Или – о том же, в другом месте, у Флобера же – «Одна мысль об иллюстрациях приводит меня в бешенство… Никогда, никогда! Скорей я засуну рукопись в ящик до лучших времен… Я прекрасно знаю, что сочтете мое поведение безрассудным. Но настойчивость, с какою… требуют иллюстраций, приводит меня в неописуемую ярость»…
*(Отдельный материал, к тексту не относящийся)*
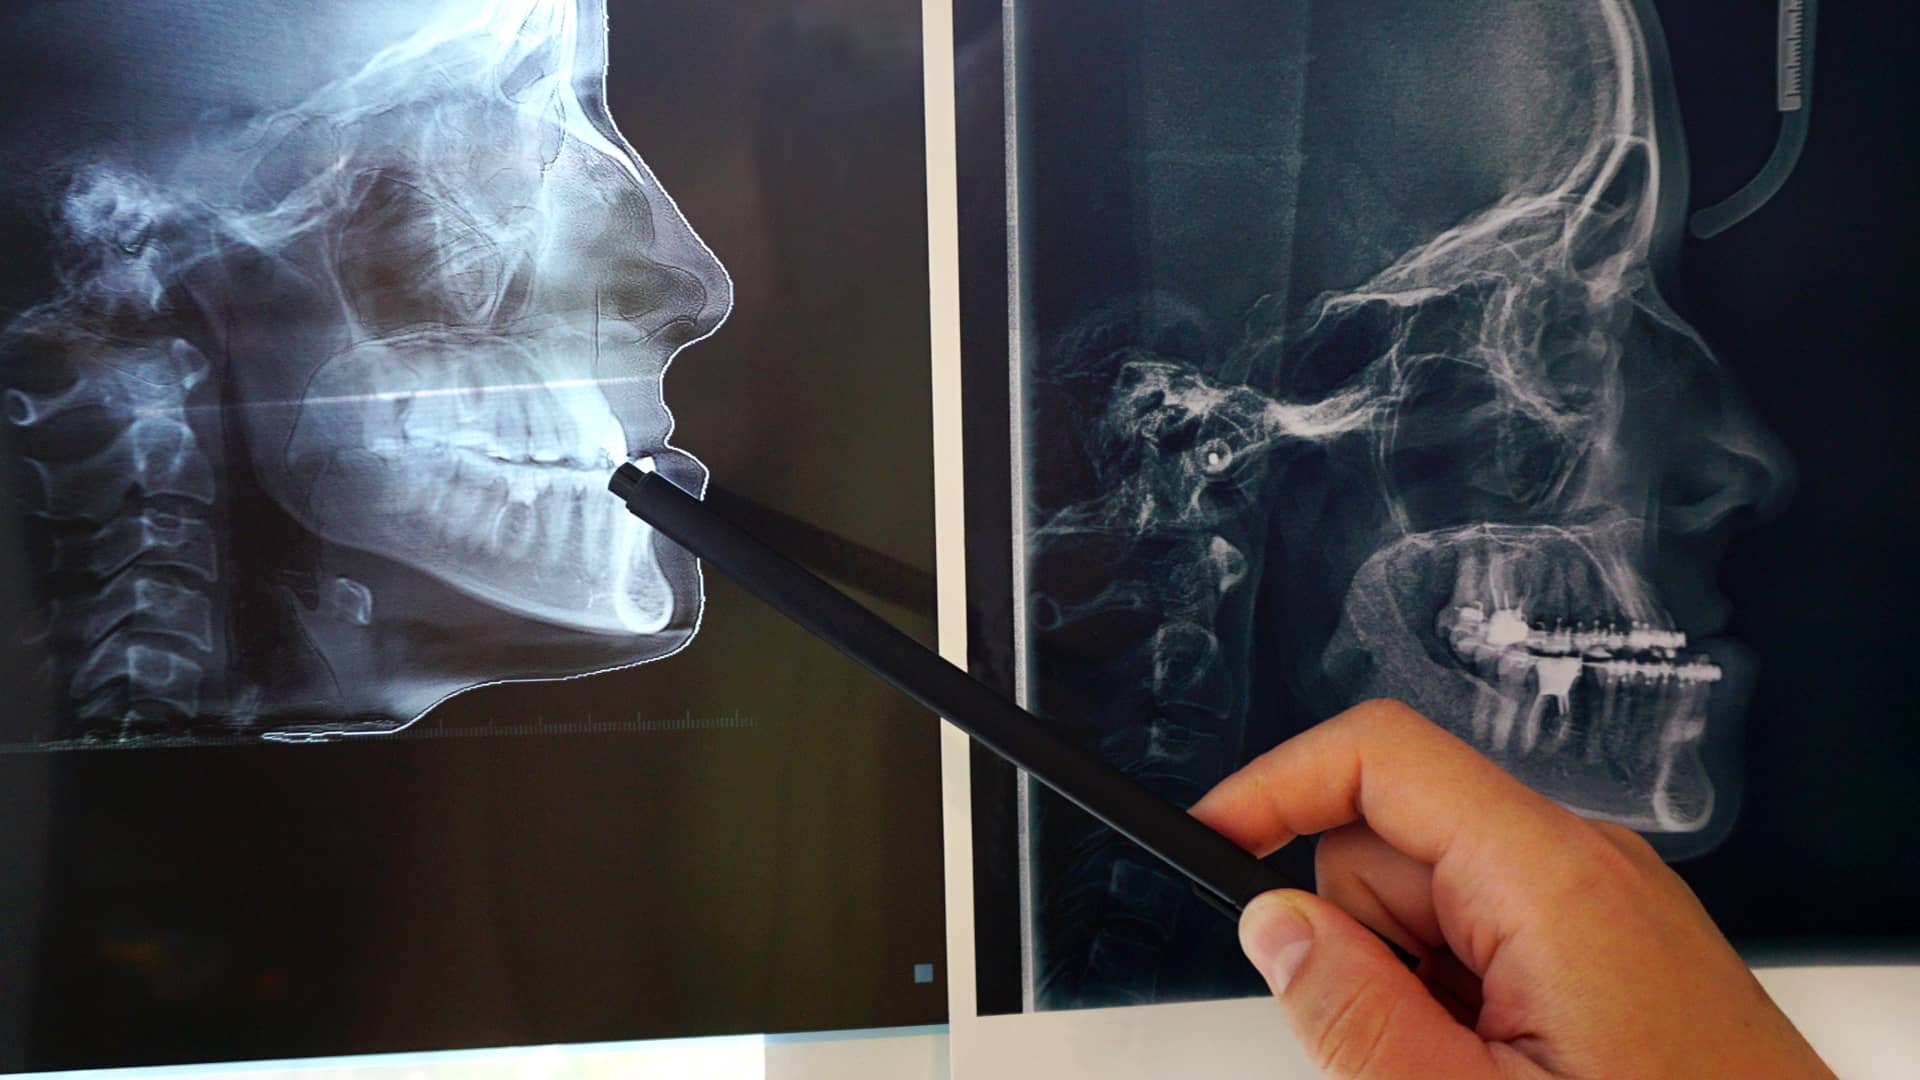 Médico maxilofacial del cuadro médico del seguro adeslas revisando la tomografía de un paciente

– Я думаю, – прервал я Н. – в каждую эпоху живопись и литература дают друг другу полезные уроки. Каждый для каждого и учитель, и ученик… Это, видимо так же верно, как то, что и в каждую эпоху же кто-то один из них все же «вырывается вперед», опытом ли, модой ли, мастерством или успехом, по праву или нет, но кто-то один из них становится больше учителем, превращая другого больше в ученика. Я думаю вот что, – во времена Флобера литература, то есть, писатели, если не стали школой для художников, если последние по рассеянности, заносчивости, суете не стали слушать писателей, все одно они переросли художников в художническом чувстве! Сам Флобер, братья Гонкуры, Мопассан и Золя, Жорж Санд и Тургенев, все окружение Флобера – от племянницы Каролины до принцессы Матильды, все, к слову сказать, прекрасно знали живопись! Но знали так литературу современные художники?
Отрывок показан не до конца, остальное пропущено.